R1 - HKCU\Software\Microsoft\Internet Explorer\Main,Search Page = http://dellnet.alltheweb.com/
R1 - HKCU\Software\Microsoft\Internet Explorer\Main,Window Title = Microsoft Internet Explorer provided by America Online
R1 - HKCU\Software\Microsoft\Internet Explorer\SearchURL,(Default) = http://dellnet.alltheweb.com/
O2 - BHO: (no name) - {06849E9F-C8D7-4D59-B87D-784B7D6BE0B3} - C:\PROGRAM FILES\ADOBE\ACROBAT 5.0\READER\ACTIVEX\ACROIEHELPER.OCX
O2 - BHO: (no name) - {B549456D-F5D0-4641-BCED-8648A0C13D83} - C:\WINDOWS\BrowserHelper.dll
O3 - Toolbar: @msdxmLC.dll,-1@1033,&Radio - {8E718888-423F-11D2-876E-00A0C9082467} - C:\WINDOWS\SYSTEM\MSDXM.OCX
O3 - Toolbar: DashBar Toolbar - {CC90CDA0-74A0-45b4-80EF-D89CA8C249B8} - C:\PROGRAM FILES\DASHBAR\DASHBAR15.DLL (file missing)
O4 - HKLM\..\Run: [EM_EXEC] C:\PROGRA~1\LOGITECH\MOUSEW~1\SYSTEM\EM_EXEC.EXE
O4 - HKLM\..\Run: [NICODEU] C:\WINDOWS\SYSTEM\NICODEU.exe
O4 - HKLM\..\RunOnce: [SpyBotSnD] "C:\PROGRAM FILES\SPYBOT - SEARCH & DESTROY\SPYBOTSD.EXE" /autocheck
O9 - Extra button: Real.com (HKLM)
O12 - Plugin for .spop: C:\PROGRA~1\INTERN~1\Plugins\NPDocBox.dll
O14 - IERESET.INF: START_PAGE_URL=http://www.aol.com
O16 - DPF: {D27CDB6E-AE6D-11CF-96B8-444553540000} (Shockwave Flash Object) - http://active.macromedia.com/flash2/cabs/swflash.cab
O16 - DPF: {74D05D43-3236-11D4-BDCD-00C04F9A3B61} (HouseCall Control) - http://a840.g.akamai.net/7/840/537/2004...scan53.cab
O16 - DPF: {4A3CF76B-EC7A-405D-A67D-8DC6B52AB35B} (QDiagAOLCCUpdateObj Class) - http://aolcc.aol.com/computercheckup/qdiagcc.cab
O17 - HKLM\System\CCS\Services\VxD\MSTCP: Domain = vectorlink.net
O17 - HKLM\System\CCS\Services\VxD\MSTCP: NameServer = 151.164.11.201,151.164.1.8

[puff-m-d]

Hi becklett,

Welcome to Wilders.

Before you start, please unzip or move HijackThis to a separate folder of its own. The program will make backups to the folder it's in. These easily get lost in a temporary folder or a folder with other programs.

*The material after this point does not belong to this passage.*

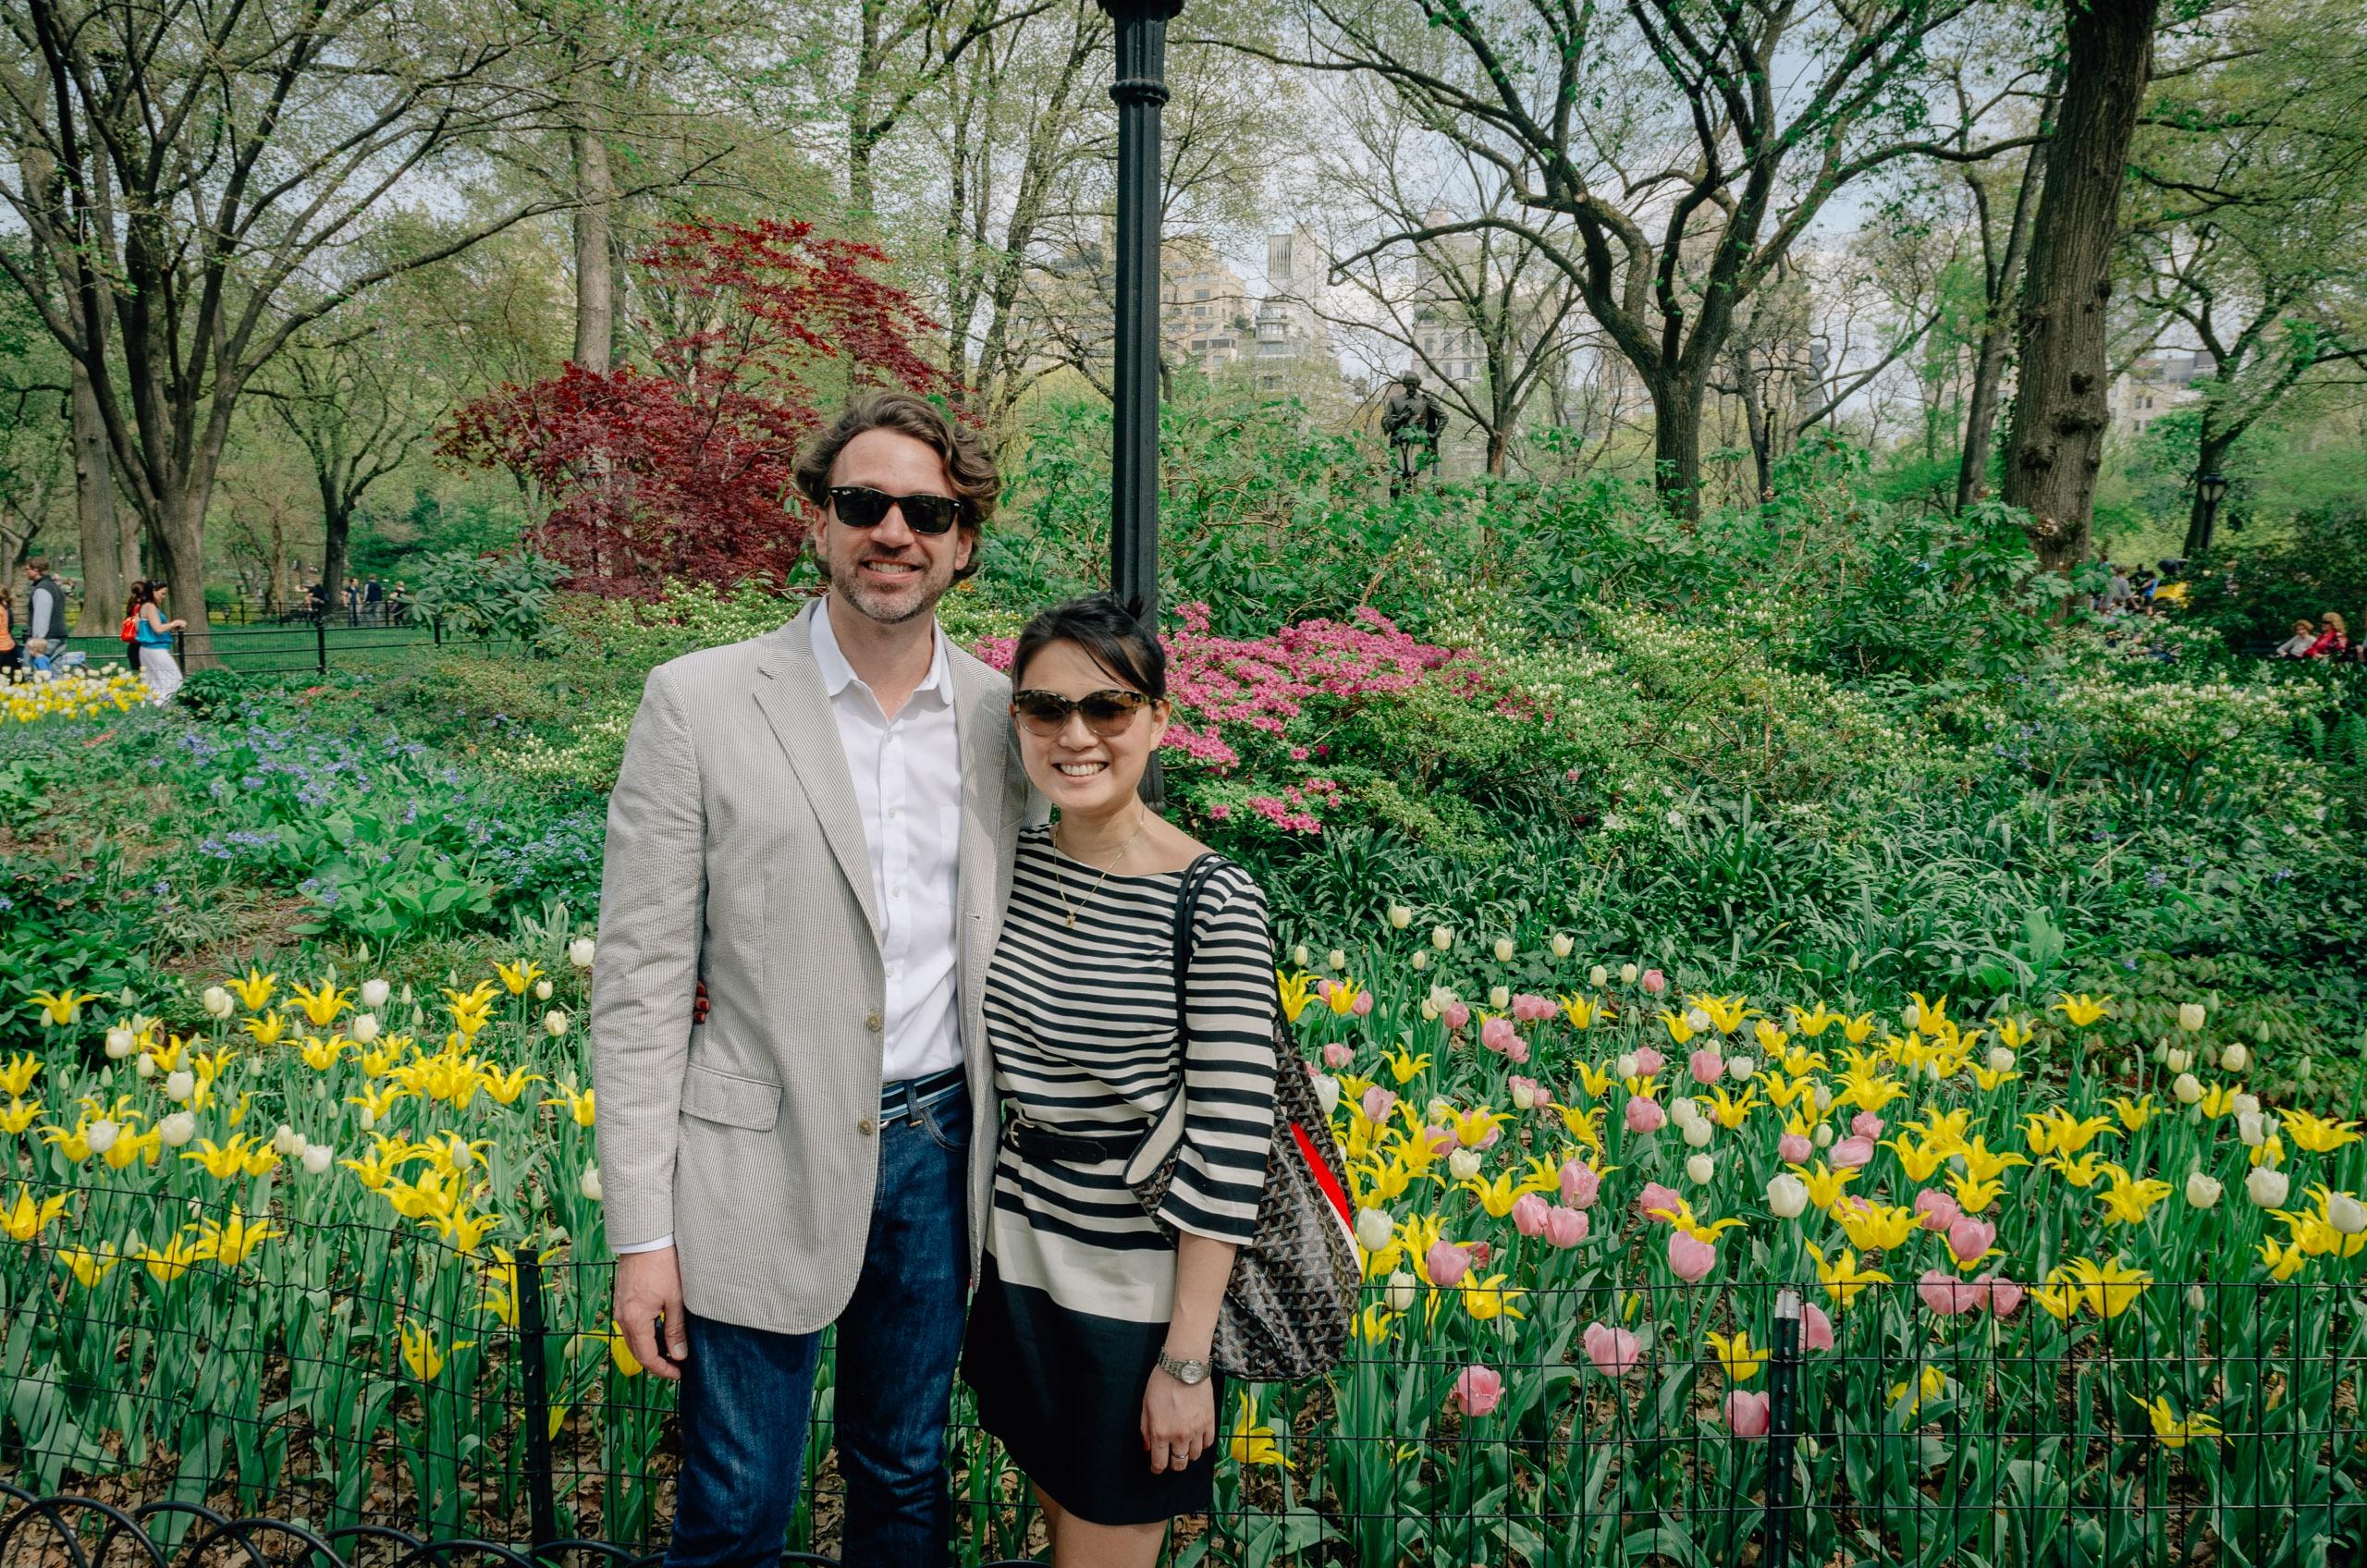 Birthday in Central Park - 2012-0415-DSC_2325

Check the following items in HijackThis.
Close all windows except HijackThis and click Fix checked:

O2 - BHO: (no name) - {B549456D-F5D0-4641-BCED-8648A0C13D83} - C:\WINDOWS\BrowserHelper.dll

O3 - Toolbar: DashBar Toolbar - {CC90CDA0-74A0-45b4-80EF-D89CA8C249B8} - C:\PROGRAM FILES\DASHBAR\DASHBAR15.DLL (file missing)

O4 - HKLM\..\Run: [NICODEU] C:\WINDOWS\SYSTEM\NICODEU.exe

There also may be hidden files. See HERE for how to show hidden files.

Then reboot into safe mode and delete:

C:\WINDOWS\BrowserHelper.dll
C:\PROGRAM FILES\DASHBAR\ <-- entire folder
C:\WINDOWS\SYSTEM\NICODEU.exe

Reboot and then post a fresh HijackThis log.

Regards,
Kent

[becklett]

I think it looks a lot better - see log below. But I still have the Troj Revop.c Virus. I tried to clean or delete it but I get a response "unable in use". The only things running in Task Mgr is aol and explorer right now. So I don't know what to do... any suggestions. Win 98.

What do you think of the log now?? Thanks so much for your help..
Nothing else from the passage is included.